«Искусство есть искусство, есть искусство».
Какая мысль! Какая бездна вкуса.
Немедленно внести её в анналы.
И вывести чрез нижние каналы... —
здесь уже я цитирую свой ответ на его нападение, в котором привожу ту пародию. Забавная штука поэзия: палимпсест, да и только.
В пору своих метаний Марина, она же Марианна Павловна, сказала мне:
– У Жозефа есть теперь новый принцип в стихах. Он называет его «ярость».
Чуждое ей словцо, произнесённое её губами-устами, её нежным шелестящим говором, взорвало меня.
– «Ярость»! Она же ослепляет. Это же – неистовство. Нет, моим принципом будет истовость. Истовость!
Какие результаты приносит новый принцип Иосифа, я долгое время не мог узнать: только намёки, только сочувственные взгляды знакомых. Марина ни на какие расспросы разъяснений не давала: «не помню, не знаю», и всё. Сказала лишь название стихов – «Феликс». Почему именно так? Во-первых, по-латыни это значит «счастливец». А во-вторых, так звали Дзержинского. Наконец, появился у меня друг «Германцев», восполняя возникший, сознательно или случайно, многомесячный перерыв в наших общеньях, пришедшийся как раз на разгар нашего конфликта с Бродским. Он сказал:
– Хочу тебя предупредить. Или – просто сообщить, что Иосиф написал стихотворение и, кажется, не одно, которое он адресует тебе. Очень, очень отрицательное...
– Я догадываюсь, но ничего толком не знаю. Пожалуйста, достань, дай мне его прочитать! Пойми, мне необходимо знать, что делается за моей спиной...
– Понимаю.

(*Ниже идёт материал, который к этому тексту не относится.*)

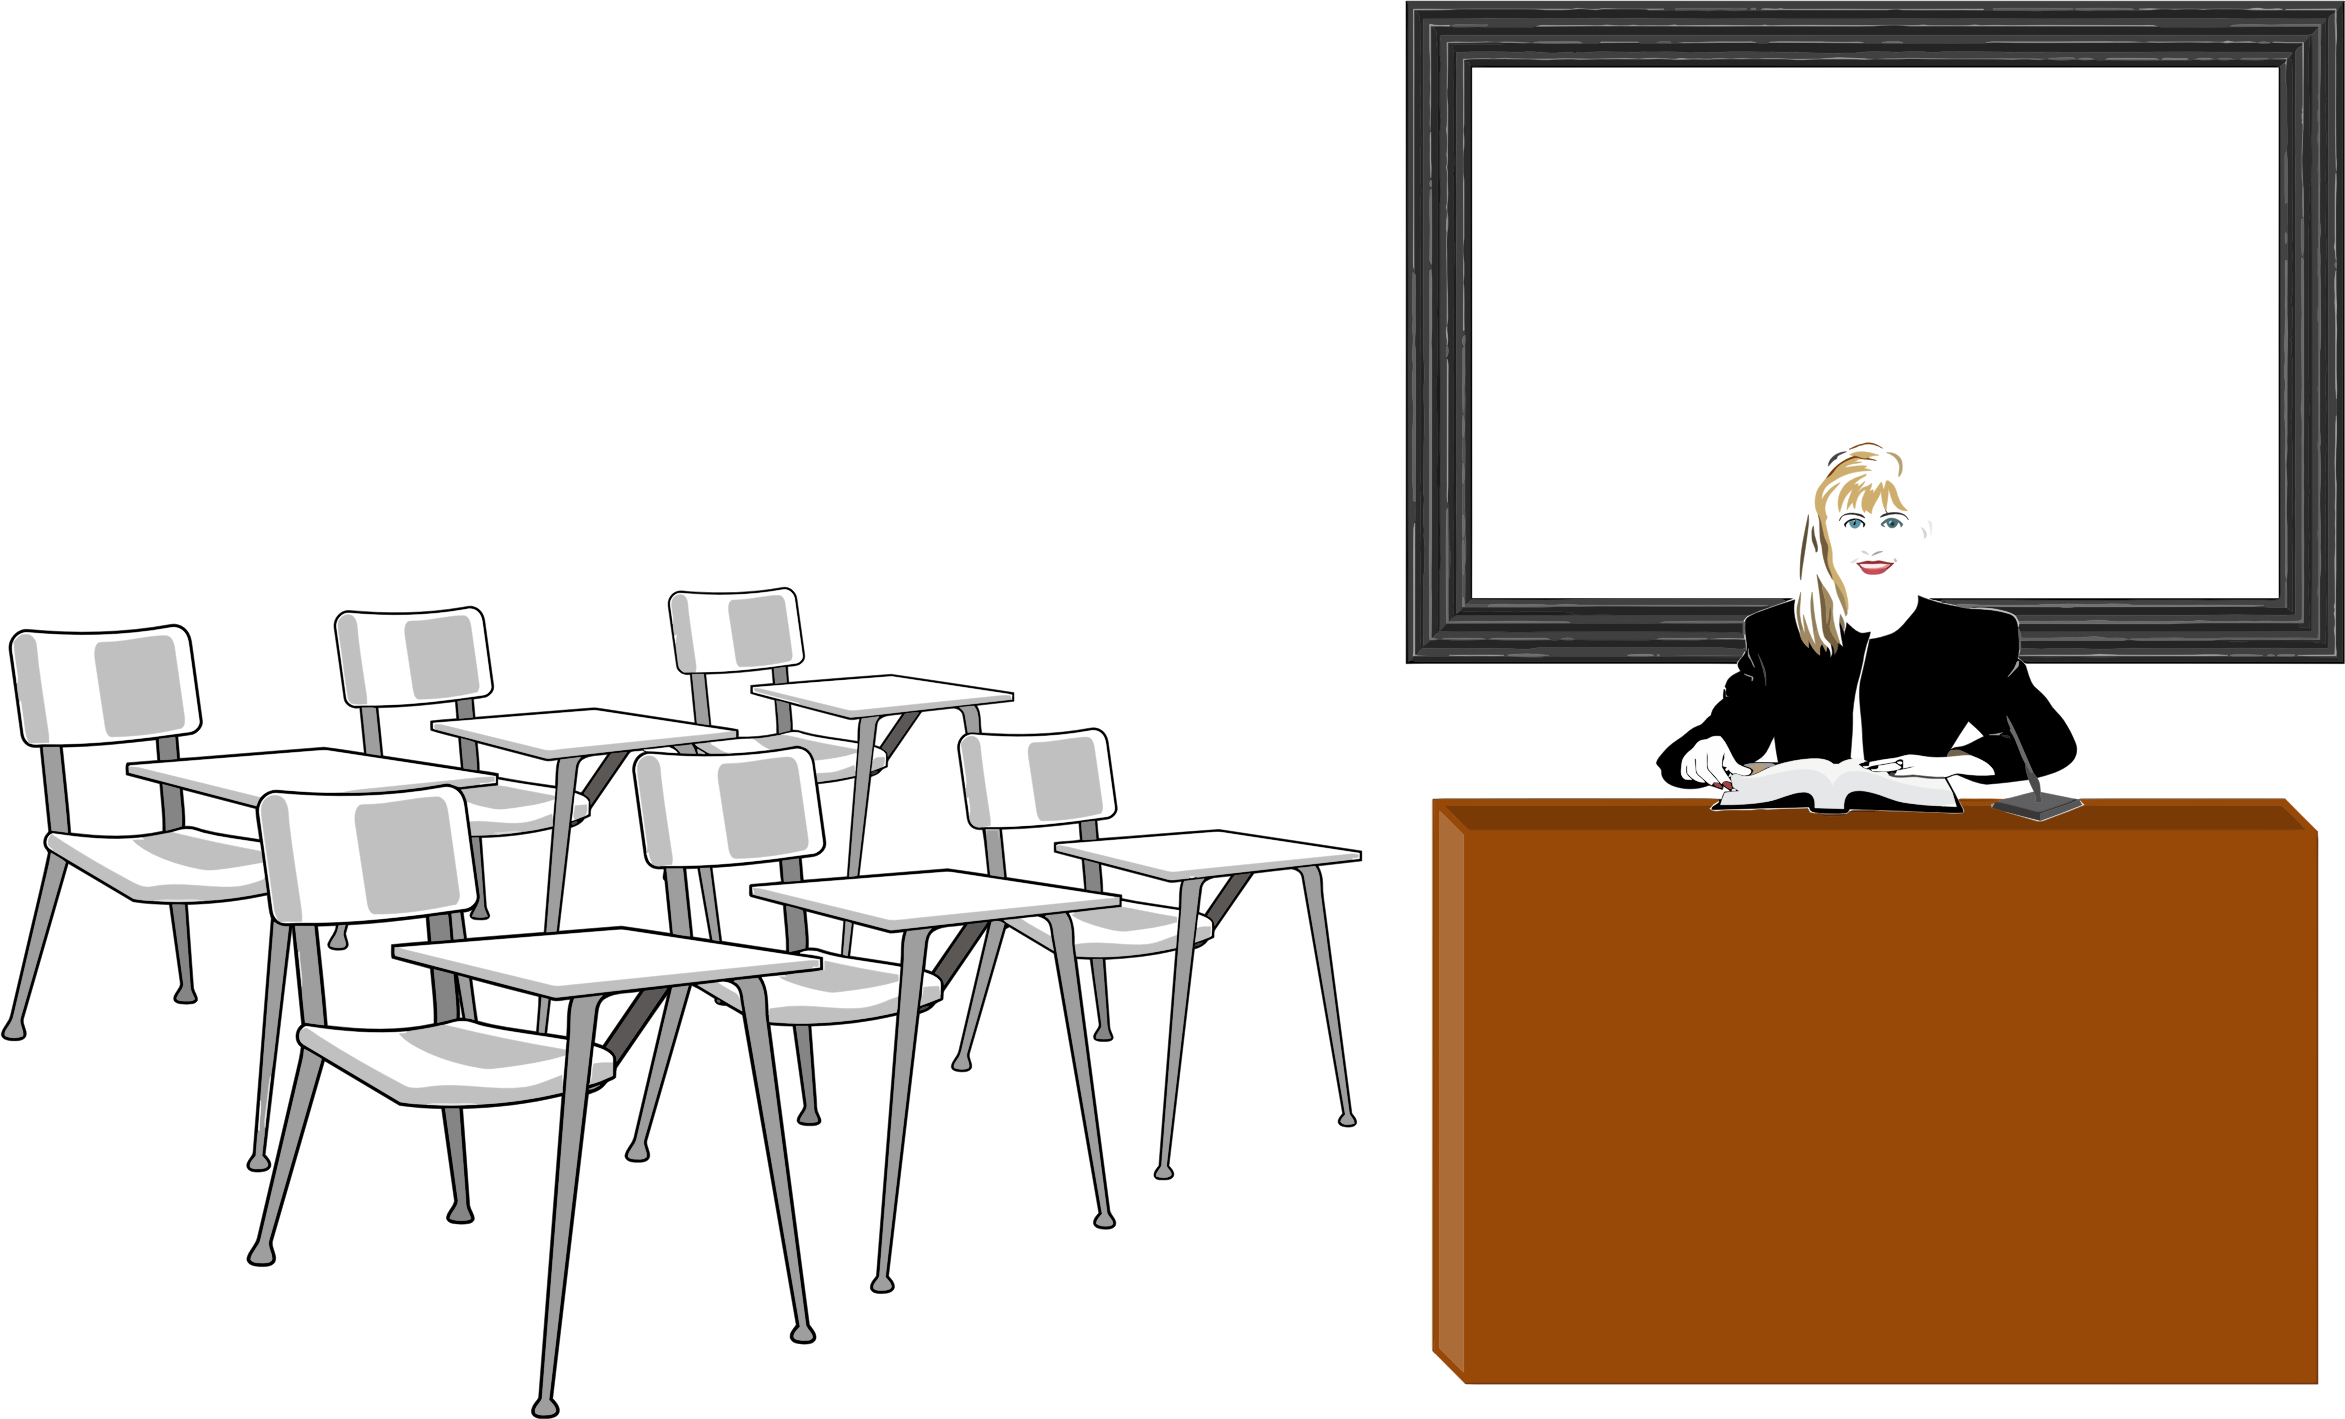 Teacher in big image. Desk clipart classroom full

Но текста уже не существует. Мне вчера удалось убедить Иосифа, что эти стихи действуют не в его интересах. Точней – против него же. Он при мне порвал оригинал.
– Да, чтоб какой-нибудь Б. Б. собрал, благоговейно расправил и склеил клочки воедино?
Германцев лишь воздел глаза к потолку, но так, или приблизительно так оно и было: текст сохранился. И вот наконец я эти стихи увидел. Иосиф уже уехал, и со времени их написания прошло, наверное, лет десять. Владимир Марамзин предпринял тогда амбициозную затею выпустить в самиздате «Полное академическое собрание стихотворений Бродского». В пяти томах. С вариантами и разночтениями. С комментариями. Самым смелым здесь было словцо «академическое» и, конечно, коммерческий размах предприятия, которое оплачивалось солидной подпиской.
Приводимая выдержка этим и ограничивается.